En Syrie, depuis quelques semaines, les médecins opérant
dans les hôpitaux de fortune soupçonnent l’armée régulière d’utiliser des armes
chimiques contre la population. Le médecin Mohamed Al Mahmed, dont l’engagement
auprès des blessés de Bab Amro a été médiatisé, a enregistré début avril une
vidéo passée assez inaperçue.
Au chevet d’un malade soigné clandestinement, il décrit les
symptômes dont souffrent certains malades originaires de ce quartier assiégé
puis attaqué par l’armée fidèle au régime : « Ceci est l’un des cas que nous
avons pu recenser chez les gens originaires de Bab Amro. Ils sont victimes de
malaises, ont des réactions cutanées, des douleurs aux articulations et aux
muscles, des pertes de mémoire ainsi qu’une perte des cheveux. »
Vidéo du docteur en médecine Mohamed Al Mahmed
Sur la vidéo mise en ligne le 4 avril sur YouTube, le jeune
médecin ajoute : « Nous avons constaté tous ces troubles à plusieurs reprises
depuis quatre jours à Bab Amro, cela prouve que le régime utilise des armes
chimiques contre les habitants. Ce cas présent est l’un des douze déjà
recensés. Deux qui ont succombé à leurs blessures à l’hopital d’Al-Bor ! » La
caméra zoome sur la tête du malade, dépourvue à certains endroits de cheveux.
Il attrape la tignasse de l’homme, les cheveux se détachent sans difficulté.
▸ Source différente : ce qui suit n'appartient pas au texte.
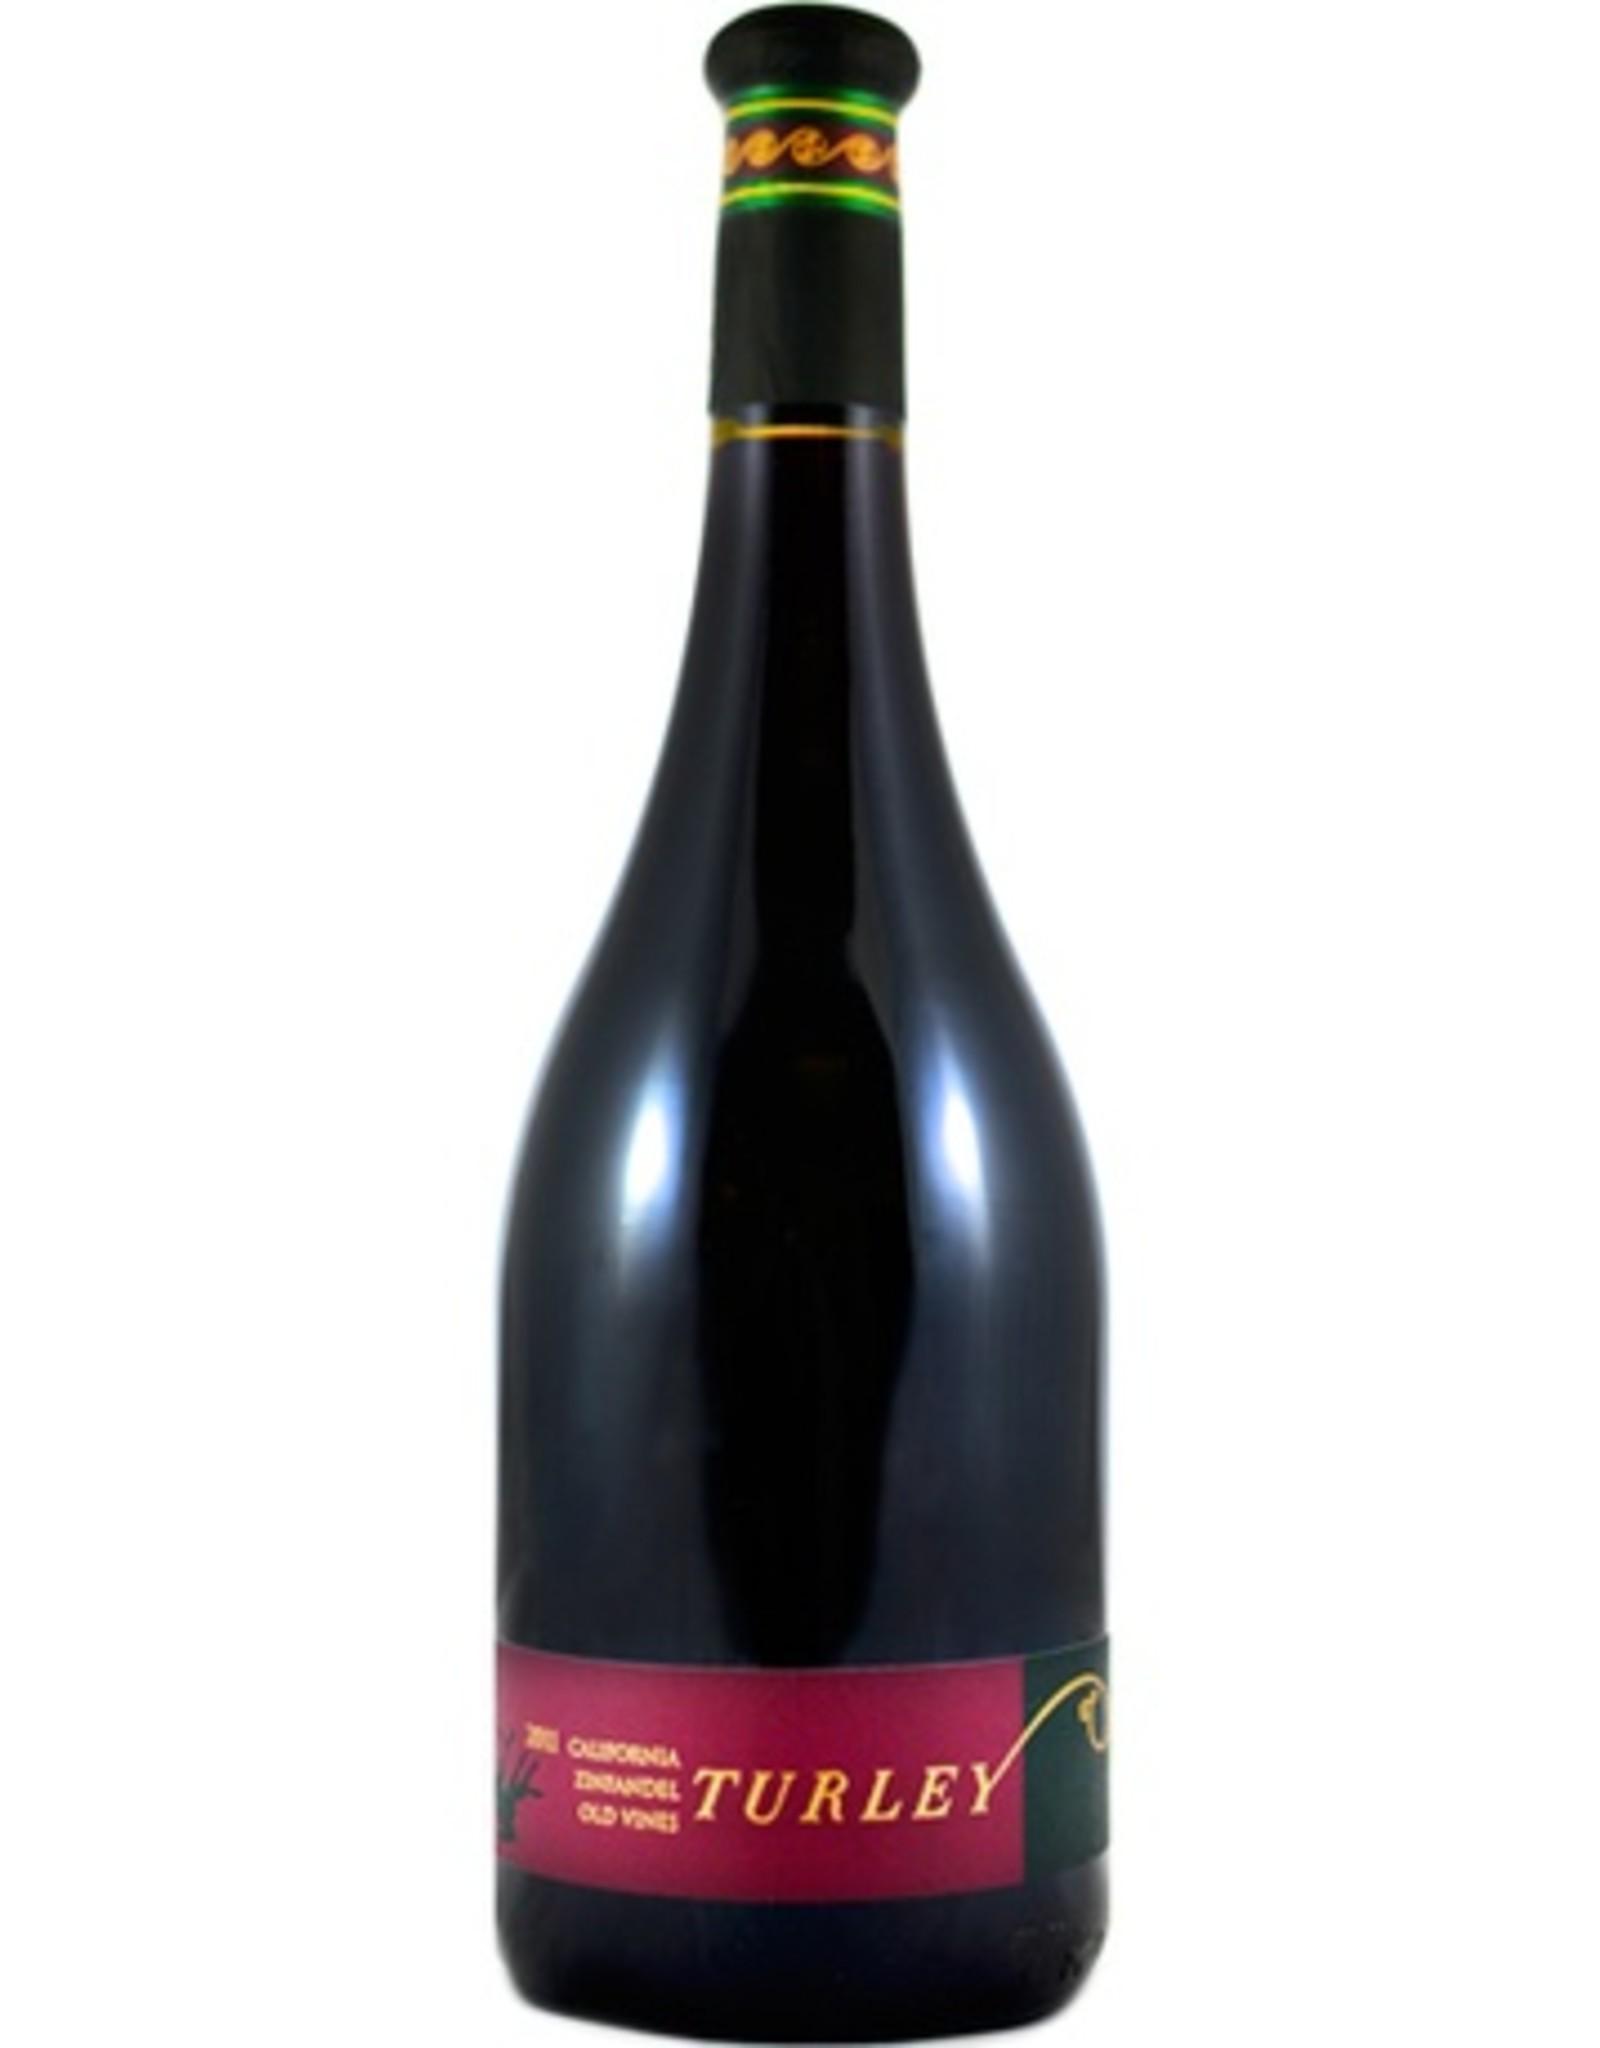 Red Wine 2017, Turley, Old Vine Zinfandel, Multi-regional Blend, Mutliple AVA, California, 15.5% Alc, CTnr, TW95

Mohamed Al Mahmed continue d’enregistrer son message : «
Nous faisons appel aux organisations humanitaires afin d’effectuer les analyses
médicales qui nous permettraient de soigner les cas constatés. En effet, il n’y
a pas de laboratoire sur place permettant d’établir des diagnostics. D’autres
cas ont aussi été répertoriés à Al-Rastan, dans la banlieue de Homs, aux
alentours du 10 avril.
Lui-même médecin, Mustapha Hijazi appelle tout de même à la
prudence : « Il y a eu beaucoup de rumeurs et les personnes ne sont pas
touchées par dizaines. Or, en général, les attaques à l’arme chimique ou aux
produits toxiques touchent un grand nombre de personne à la fois. »
Interview d'un médecin syrien
Ce qui est sûr, souligne-t-il, est que les docteurs disent
découvrir des symptômes auxquels ils n’avaient pas été confrontés depuis le
début de la révolution syrienne. Ceux qui ont fait le choix de porter secours à
la population dans les hôpitaux de fortune n’ont pas les moyens d’établir des
diagnostics sérieux pour ces nouveaux cas : « Il s’agit en général de médecins
très jeunes, souvent internes, qui n’ont pas beaucoup d’expérience. Ils ne
disposent pas non plus du matériel nécessaire pour savoir de quoi ces malades
sont atteints. »
Début février, l’organisation Médecin sans frontières
dénonçait le fait que le régime syrien prenne pour cible tout hôpital
clandestin et les médecins qui y travaillent. Filmé de dos (voir ci-dessus),
l’un d’eux expliquait que « la sécurité est ce qui préoccupe le plus les
médecins syriens » puisque « la possibilité d’être arrêté est grande ».